At `deploy start`, laconic-so auto-generates a namespace-scoped
ConfigMap per host-path compose volume (deduped by source) and mounts
it into the pod instead of routing the bind through the kind node:
| Source shape | Behavior |
|---|---|
| Single file | ConfigMap with one key (the filename); pod mount uses `subPath` so the single key lands at the compose target path |
| Flat directory (no subdirs, ≤ ~700 KiB) | ConfigMap with one key per file; pod mount exposes all keys at the target path |
| Directory with subdirs, or over budget | Rejected at `deploy create` — embed in the container image, split into multiple ConfigMaps, or use an initContainer |
| `:rw` on any host-path bind | Rejected at `deploy create` — use a named volume with a spec-configured host path for writable data |
The deployment dir layout is unchanged: compose files stay verbatim and
`spec.yml` is not rewritten.

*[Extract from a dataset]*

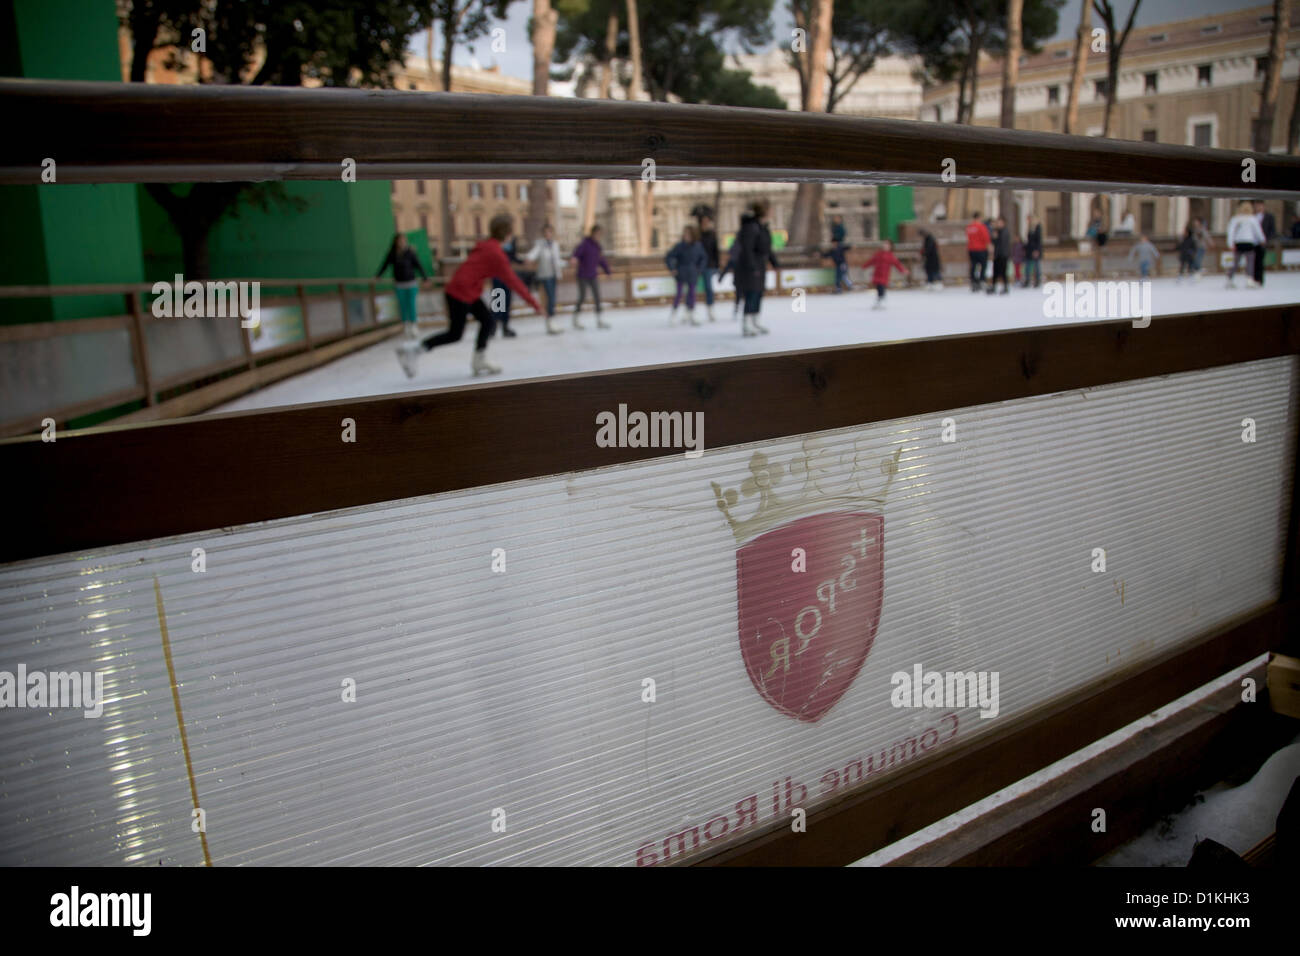 27 décembre 2012, Rome, Italie. Le gouvernement municipal de Rome met en place et patinoire pour période de Noël au coeur de Rome Banque D'Images

Source files remain under
`{deployment_dir}/config/{pod}/` (as copied by `deploy create`); the
ConfigMap is built from them at deploy start and no kind extraMount is
emitted for these paths.
This works identically on kind and real k8s (ConfigMaps are
cluster-native; no node-side landing pad required), and two deployments
of the same stack sharing a cluster get their own per-namespace
ConfigMaps — no aliasing.
### Writable / generated data → named volume + host path
For volumes the workload *writes to* (databases, ledgers, caches, logs),
use a named volume backed by a spec-configured host path under
`kind-mount-root`:
```yaml
# compose
volumes:
- my-data:/var/lib/foo
# spec.yml
kind-mount-root: /srv/kind
volumes:
my-data: /srv/kind/my-stack/data
```
Works on both kind (via the umbrella mount) and real k8s (operator
provisions `/srv/kind/my-stack/data` on each node).

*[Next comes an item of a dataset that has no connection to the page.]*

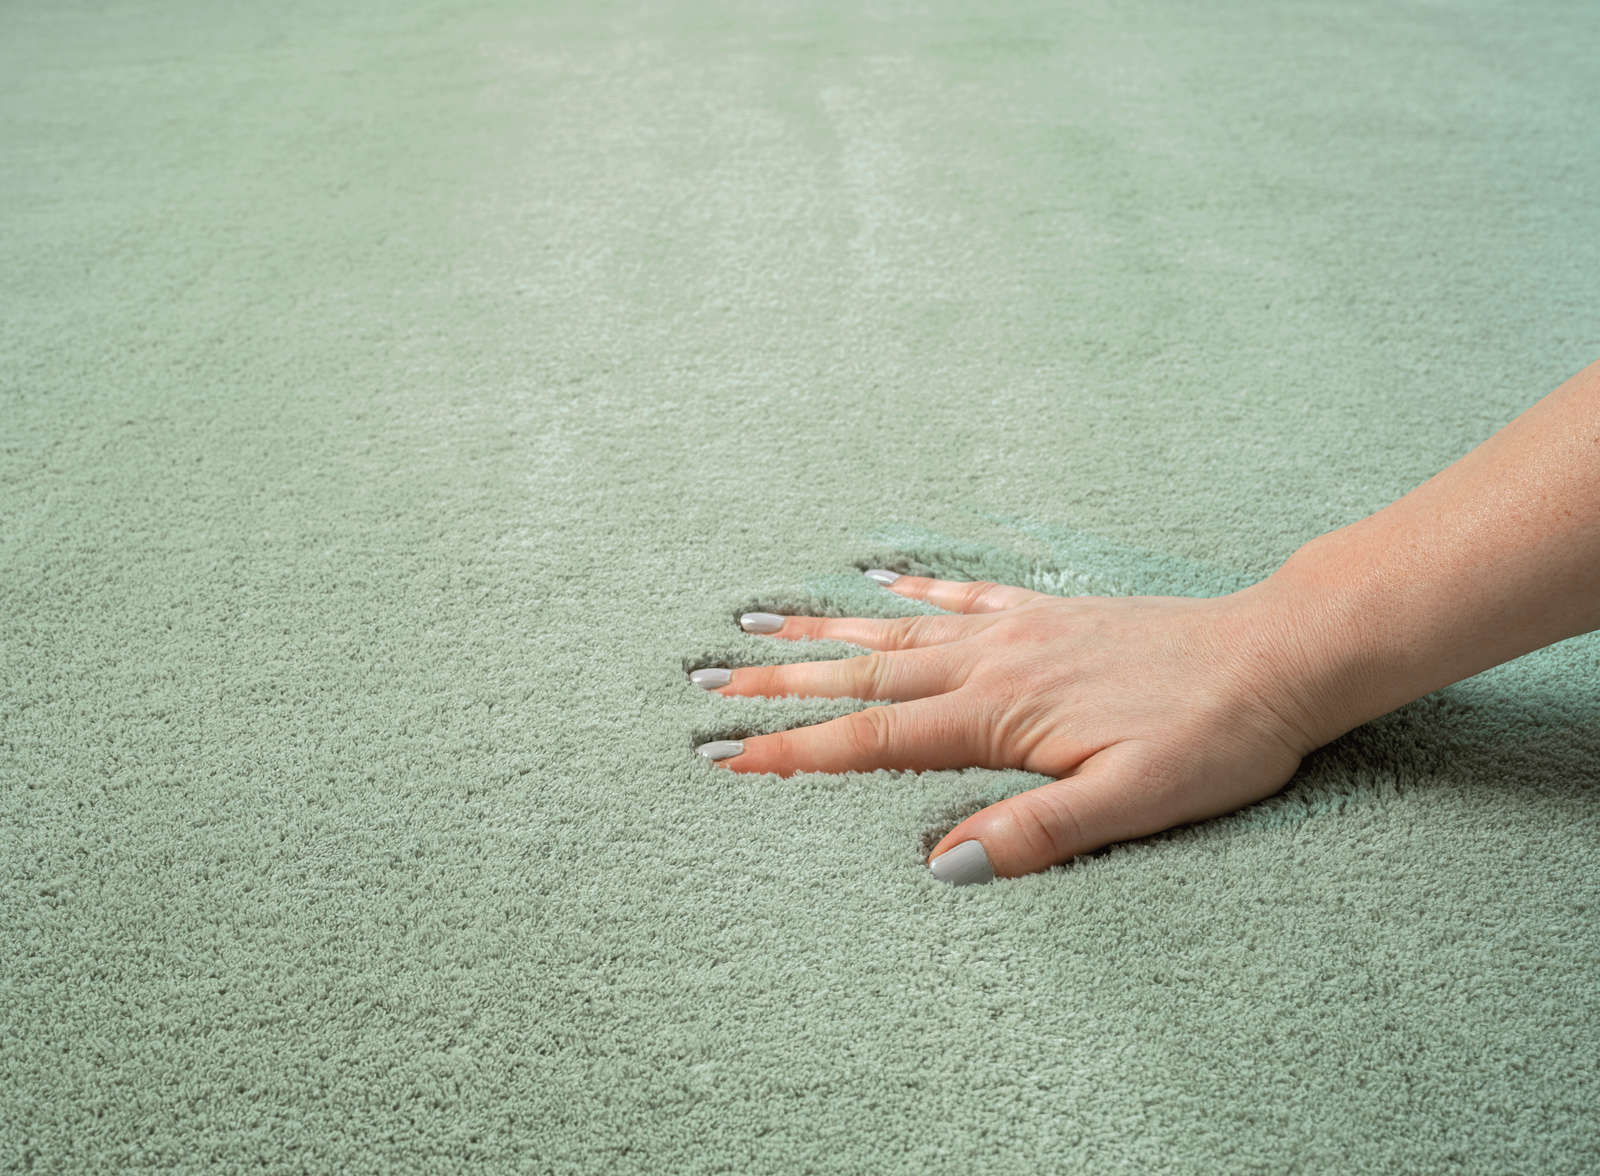             Soft Shaggy Carpet Round in Green - Ø 120 cm

### Migrating an Existing Cluster
If a cluster was created without an umbrella mount and you need to add a
stack that requires new host-path mounts, the cluster must be recreated:
1. Back up ephemeral state (DBs, caches) from PVs that lack host mounts —
these are in the kind node overlay FS and do not survive `kind delete`.
2. Update every stack's spec to set a shared `kind-mount-root` and place
host paths under it.
3. Stop all deployments, destroy the cluster, recreate it by starting any
stack (umbrella now active), and restore state.